【次世代編追加しました】美形王子が苦手な破天荒モブ令嬢は自分らしく生きていきたい!

紅葉ももな

第1話『断罪騒ぎは迷惑ですわ!』

「「きゃー! ルーベンス殿下よー!」」


「ルーベンス殿下~、こっち向いて~!」


 ウザっ! おっと失礼、ついつい心の声がもれてしまいました。


 あっ、はじめまして私リシャーナ・ダスティアと申します、ここローズウェル王国のダスティア公爵家の末っ子です。


 将来この国の未来を背負って立つ王公貴族の子息令嬢が知識やマナーを学ぶ為に開校された王立学院の校庭に響き渡った耳障りな黄色い大声援に、両手で耳を塞いで手元の本からエメラルド色の瞳を上げると、視線の先に見目麗しい男どもの集団が闊歩していく姿が目に入り、思わず盛大に顔を歪めてしまいました。


 はあぁぁぁ、なんだってよりにもよって折角の貴重な休み時間にここにくるかなぁ、彼等が行く先行く先で常に黄色い大声援が付きまとうので耳がこうキーンと痛くなるんですよ。


 学院でも屈指のイケメンである彼等が一人で居るときですら声援が上がるのに、今日は団体様なのでいつもより多く声援が飛び交い実に煩いです。


 あー嫌だ、本当に毎度の事とはいえ、騒音被害を受ける周囲の迷惑を少しは考えて欲しい切実に……


 まったくもって迷惑極まりない。


 さて私の事を少しだけ紹介しようか。 ローズウェル王国の高位貴族、ダスティア公爵家の家長でこの国の宰相として政務をとっている父、ロベルト・ダスティア公爵は四人の子宝に恵まれました。


 ちなみに先にちょびっとお話しさせて頂きましたが私は末娘です。 父様と二人の兄様とお姉様にたっぷり愛情をもらって育ちました! あっ、母様はいません。 幼い頃に亡くなりましたから。


 人生十五年間、常に目立たない張り合わないを信念に地味に目立たず伸び伸びすくすくと生きてきました。

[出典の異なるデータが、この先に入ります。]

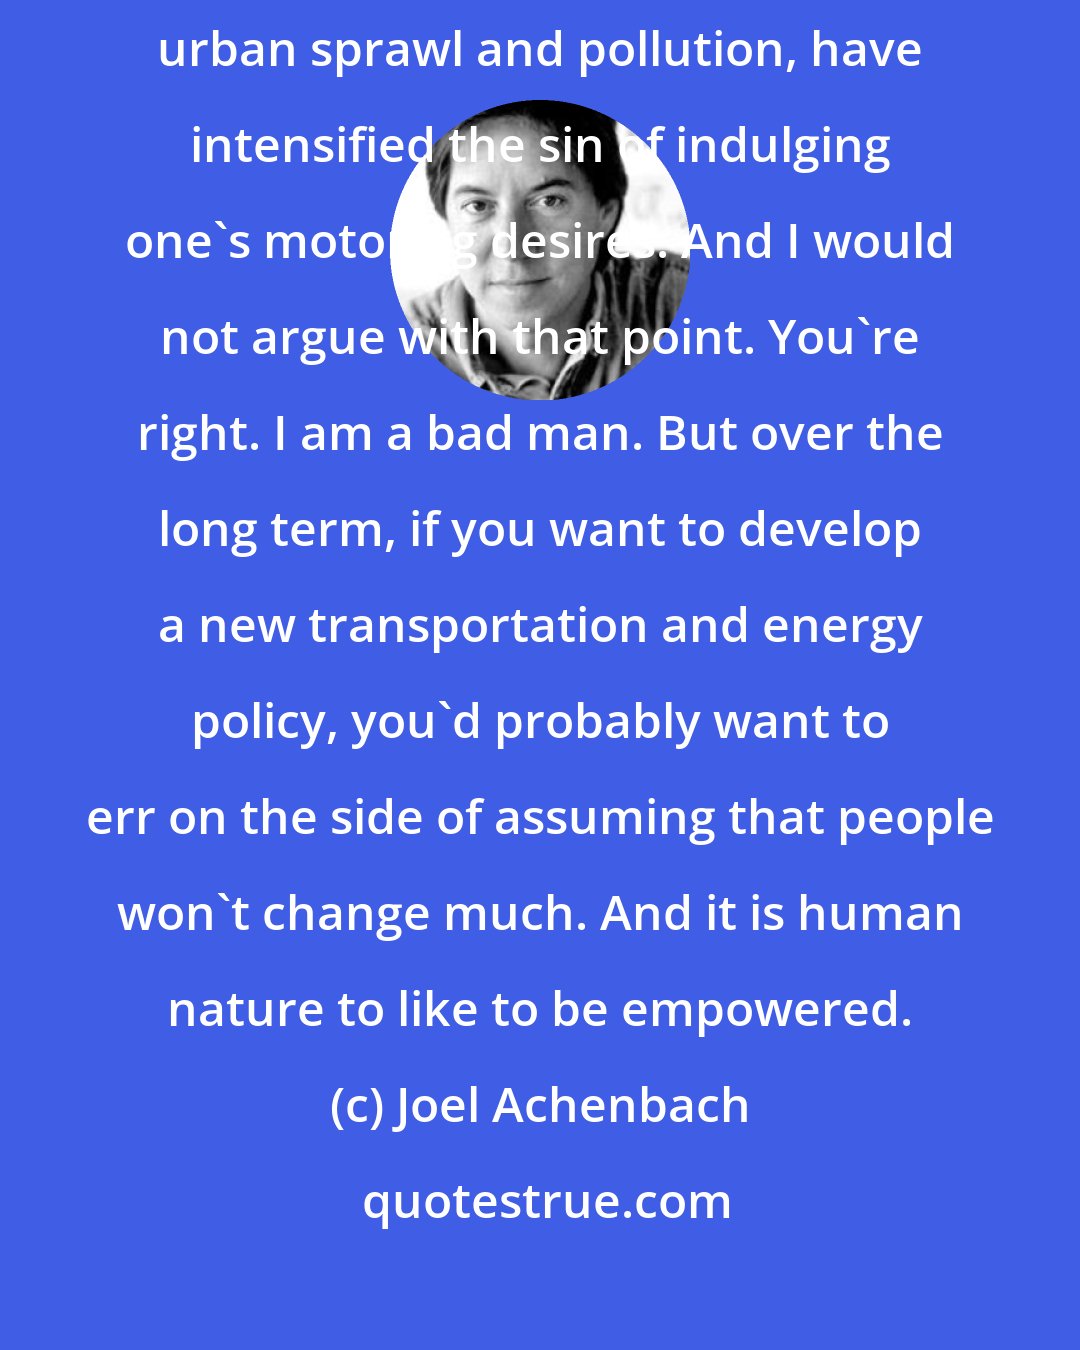 Joel Achenbach: You might declare that global warming and energy insecurity, not to mention urban sprawl and pollution, have intensified the sin of indulging one's motoring desires. And I would not argue with that point. You're right. I am a bad man. But over the long term, if you want to develop a new transportation and energy policy, you'd probably want to err on the side of assuming that people won't change much. And it is human nature to like to be empowered.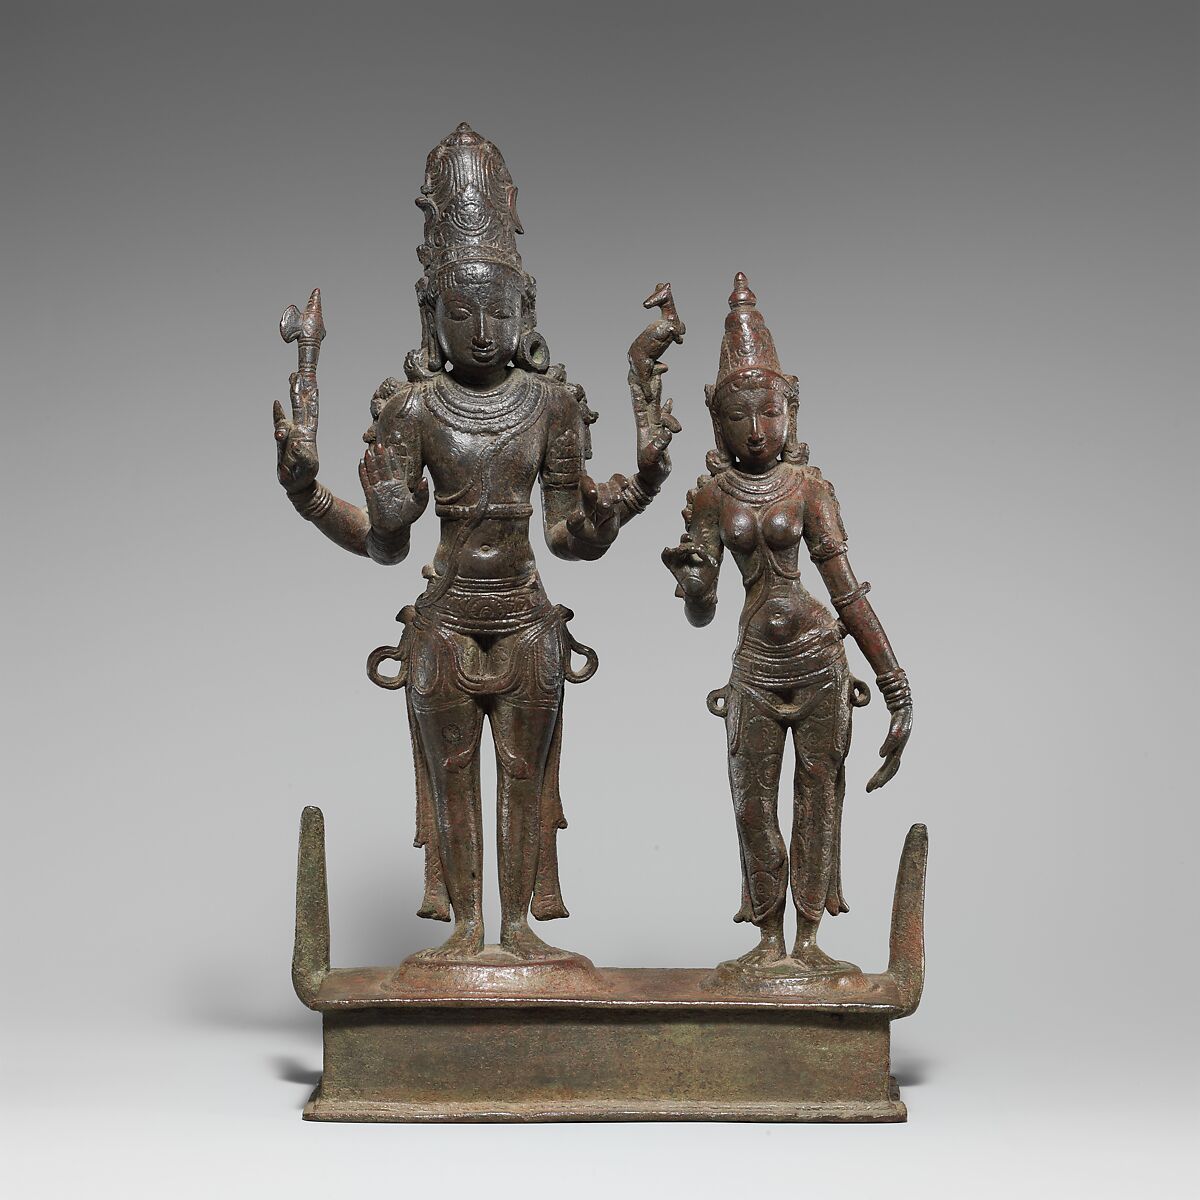 Standing Shiva and Parvati, Copper alloy, India

 平凡万歳! 地味最高! だって出る杭は打たれるんですよ。


 目立たない程度に手を抜いて、やるべき事をきちんとこなせば、多少は自分本意に生きることが出来るんです。


 好きなものをいっぱい食べて、ゴロゴロするし、貴族から招待されたお茶会では社交よりも美味しいデザートや料理が目当てでした。


 まぁ、そのせいもあって顔はまん丸、顔面のパーツはぷにぷにほっぺのお肉で埋もれてますので、真ん中にちょこんとある小振りな鼻も、ぽってりした唇も、決して美しいとは言い難い容姿ですね。 うん。


 お察しの通りぽちゃりしてますよ。 むっちりと言うよりはぷにぷにと言う言葉が似合うツルペタ胸のぽっちゃり体型、デブじゃないわよ?


 あくまでも太めのぽっちゃり体型! ここ大事! 言っておきますがデブって言わないように! ぽっちゃりだからね!


 ちなみに容姿に不満はありませんよ?   このまん丸容姿のお陰で面倒な婚約者をつけられることもなく、今日まで比較的平和な学院生活を送れていましたから。


 二人いる兄様や隣国ドラグーン王国へ嫁いで行った姉様は顔が整ってますから、きっと元の素材は悪くないはずです。


 この容姿でも家族は可愛いと言ってくれるので全く問題なしです。


 比較的温厚な私ですが、目前の騒音の発生原因となっている迷惑集団に、つい公爵令嬢、いや淑女にあるまじき舌打ちしてしまいました。


 折角あまり人が来ない学院の校庭の隅をわざわざ選んで、良い感じに枝分かれした木の陰に御一人様用の敷布を敷いて座り静かに本を読んでいたのに、突如姿を現したキラキラしい集団のお陰ですっかり邪魔が入ってしまったのですもの。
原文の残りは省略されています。